Radio Sputnik’s Loud and Clear spoke with Alberto Garcia Watson, former senior Middle East correspondent for HispanTV, about Del Ponte’s resignation and the progress being made by Syrian government forces pushing back the rebellious terrorist organizations.
Watson explained that as head of the human rights commission during the Syrian conflict, Del Ponte had faced a lot of ups and downs. "We heard the narrative we heard in Libya, from March 2011 we heard that [Syrian President Bashar] al-Assad was allegedly bombing and killing his people. We heard the same about [deceased Libyan leader Muammar] Gaddafi in Libya, we hear now the same thing about [Nicolas] Maduro in Venezuela."
The conflict "is being won by Syrian forces with the help of the Russians, and not much more, because to be honest the American intervention is making more of a mess," he said. To illustrate, Watson pointed to the use of white phosphorus munitions by US forces during a June operation in the Daesh stronghold of Raqqa, which killed 30 civilians.
The journalist told Loud & Clear that Del Ponte resigned because she was "absolutely exhausted" after eventually seeing that "the United Nations is playing a role that is not finding any solutions in this conflict."
Sputnik news analyst Walter Smolarek, sitting in for host Brian Becker, offered that the white phosphorus incident "undercuts one of the key narratives that we’ve seen in the Western media and coming from Western capitalists over the course of this war, which is the narrative of 'The people versus the evil dictator.'"

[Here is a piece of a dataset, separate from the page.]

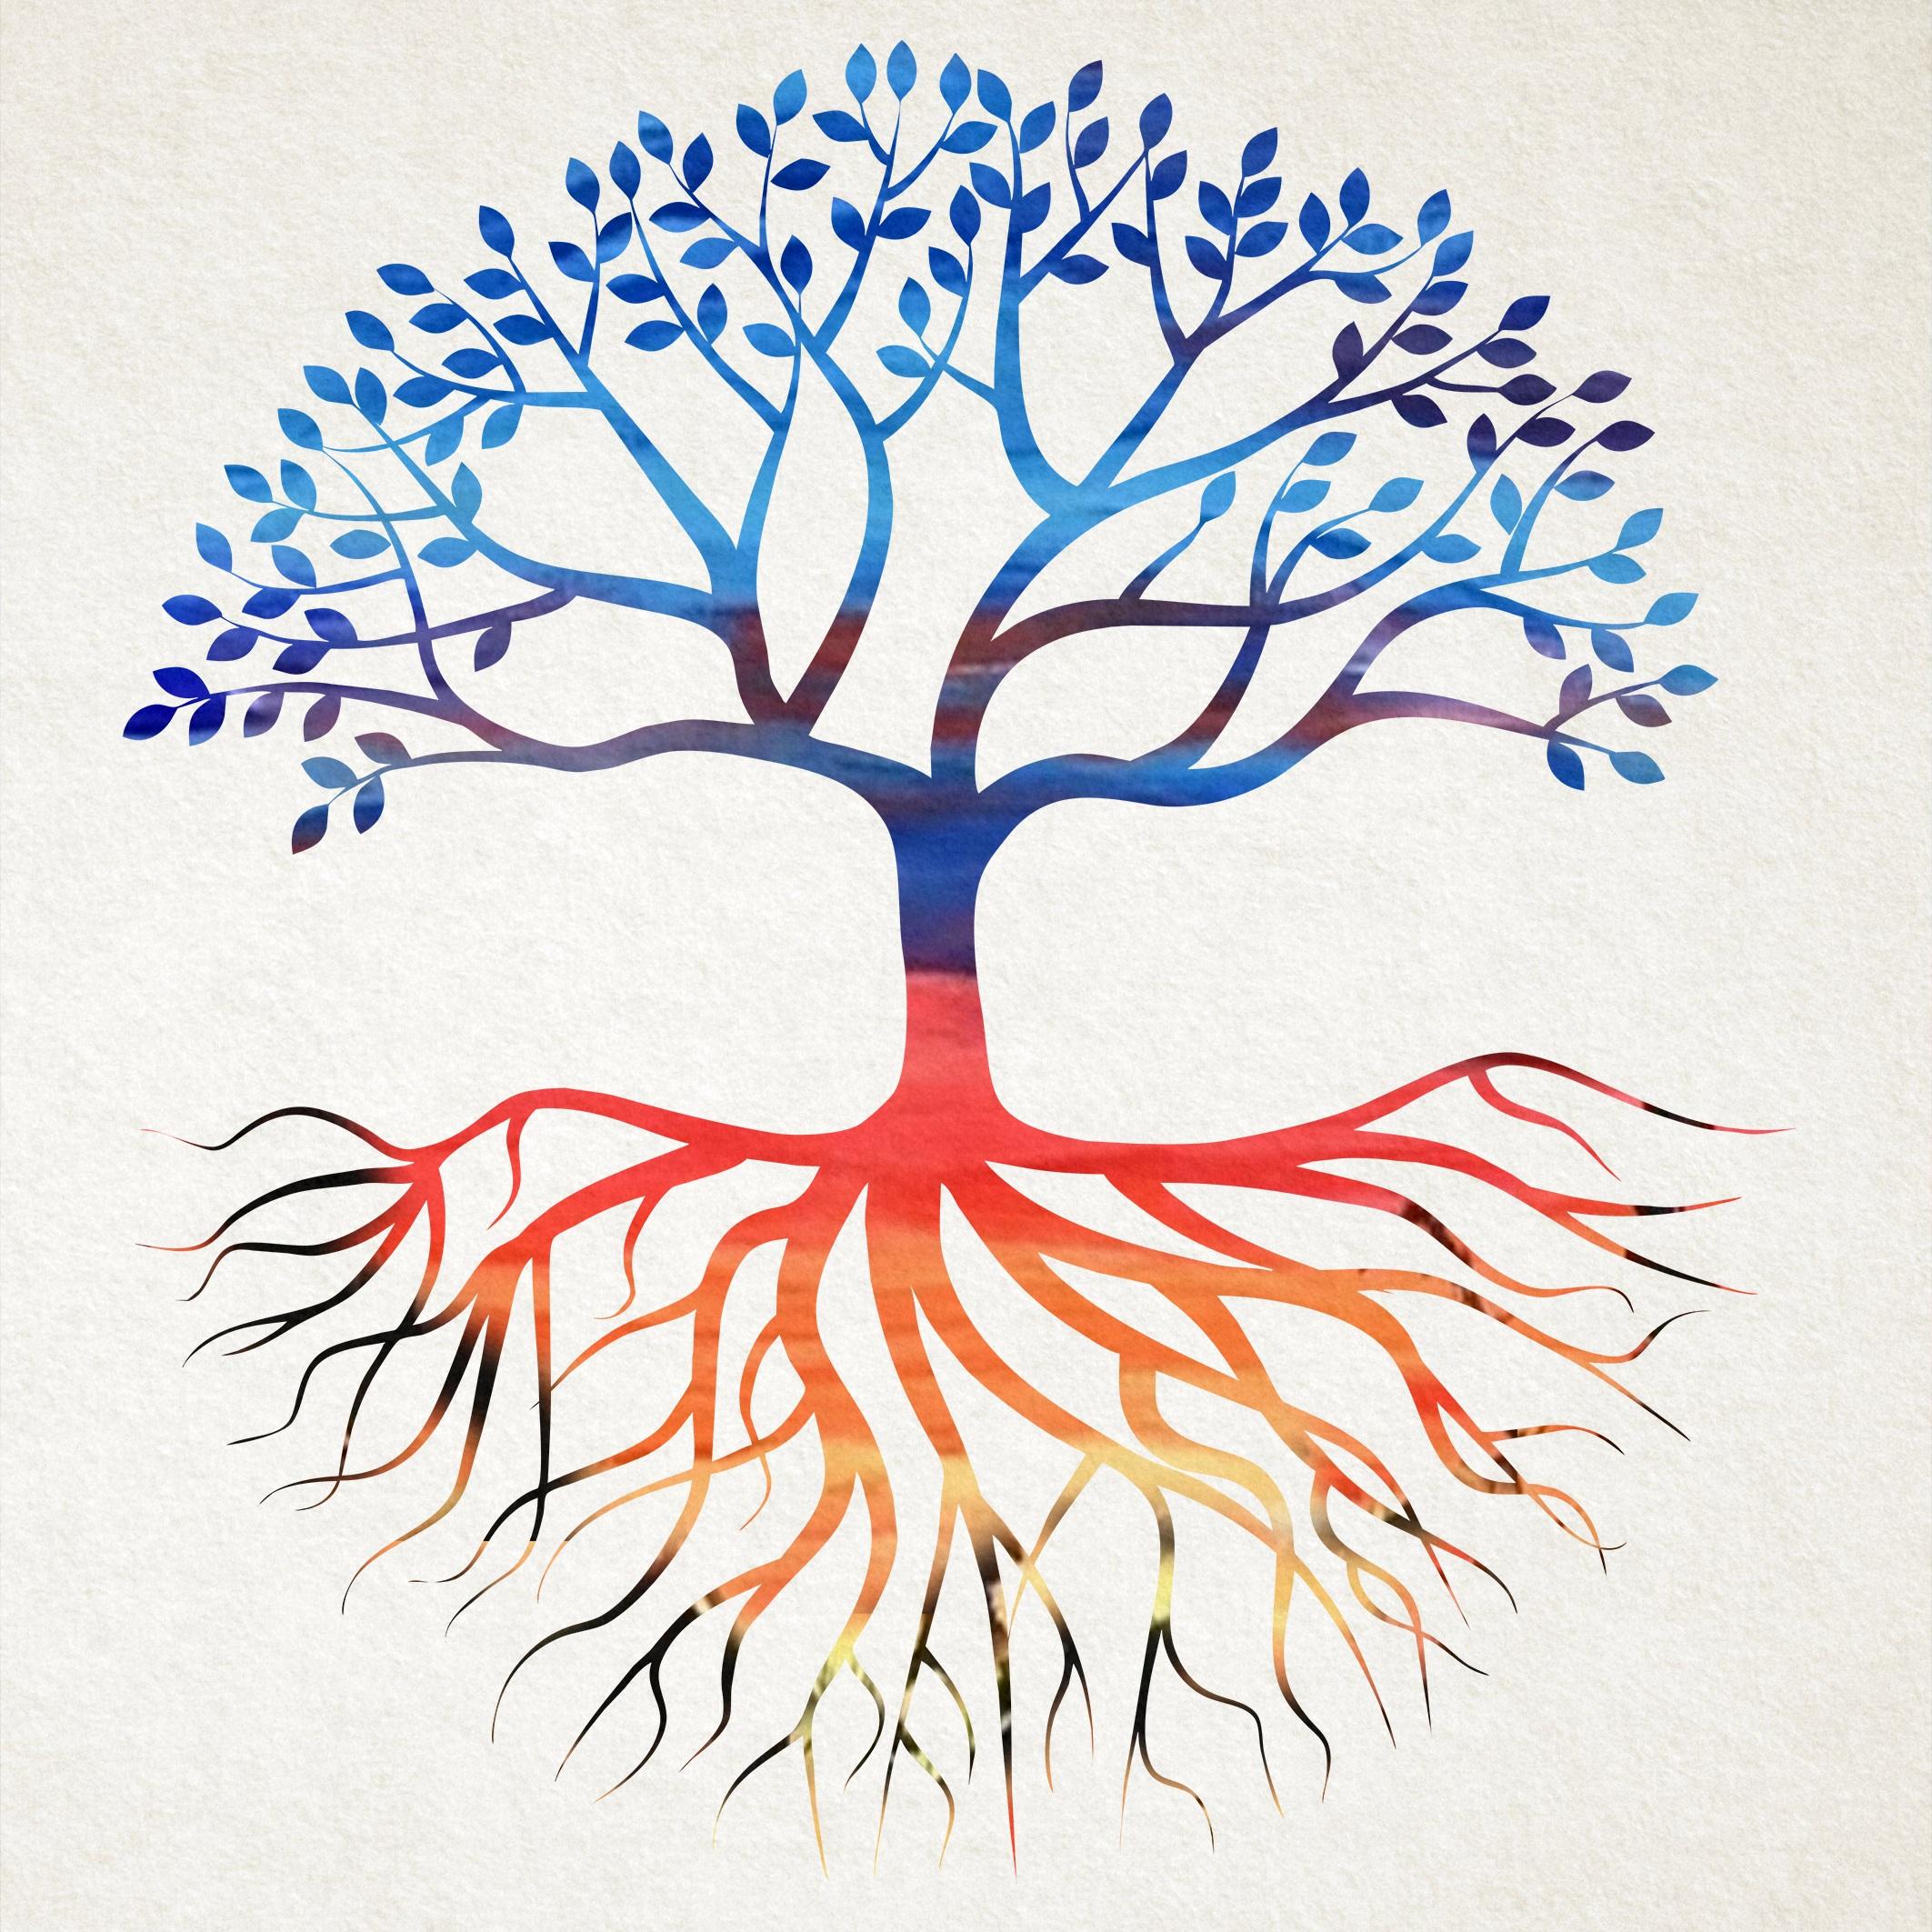 apod+tree.jpg

He added that another narrative typically used to justify US intervention in Syria is the dynamic of "moderate rebels" versus "extremists," and asked Watson if this was a real dynamic or an invention of the West.

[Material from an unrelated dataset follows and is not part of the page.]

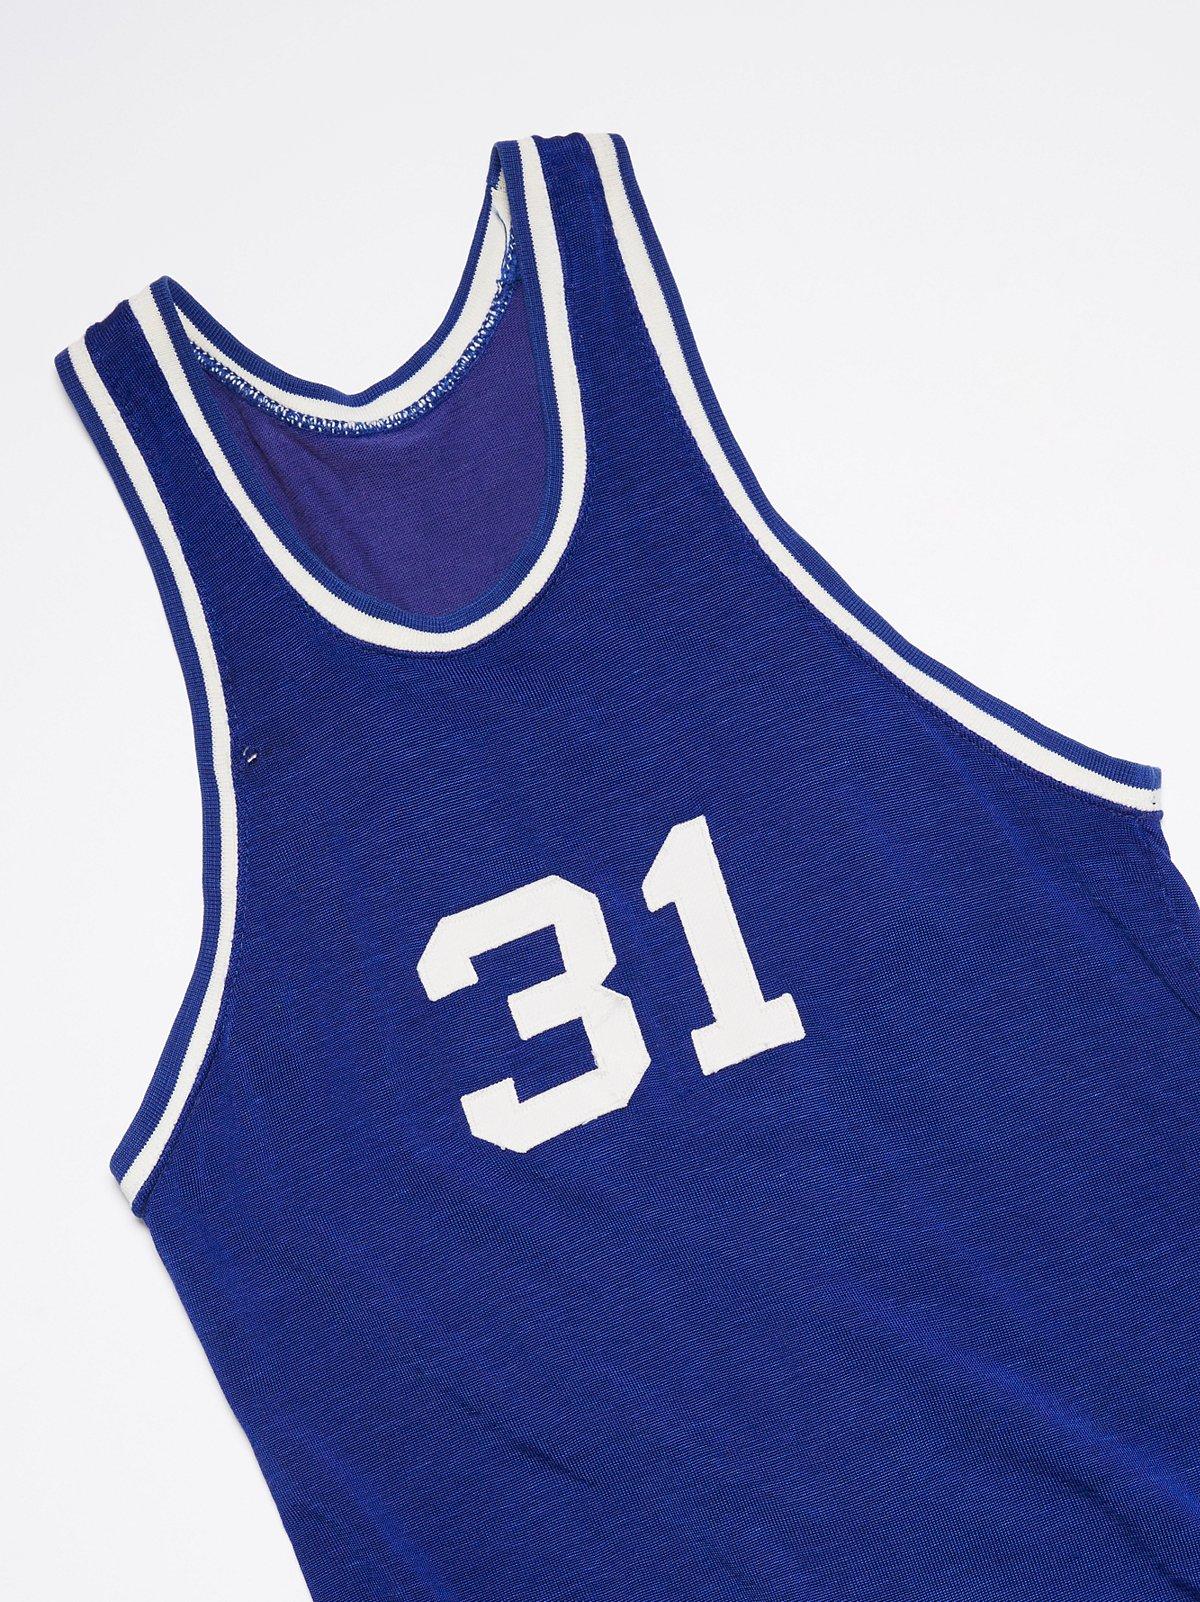 Vintage 1960s #31 Jersey

"I’ve been to Syria several times, and when you talk to the Syrians about moderate rebels and extremist rebels, they laugh. They laugh because there’s no such thing as moderate rebels," Watson replied.
He highlighted an incident from 2013 where a commander from the Free Syrian Army, funded and trained by the US, cut the heart out of a Syrian soldier and ate it on camera. There was another incident the same year in which FSA soldiers shot down a helicopter, decapitated the occupants and grilled their heads.
"This proves that most of the groups are extremists," Watson asserted. "It’s ridiculous to talk about moderate and extremists: at this point most of them are terrorists and mercenaries that have been brought into Syria for the interests of other nations, especially the gulf monarchies of Qatar and Saudi Arabia."
"No one has invited the United States in this conflict," he pointed out. "They should let the Syrians decide their future and let the Arab Syrian Army, which is the only legitimate army, to operate there."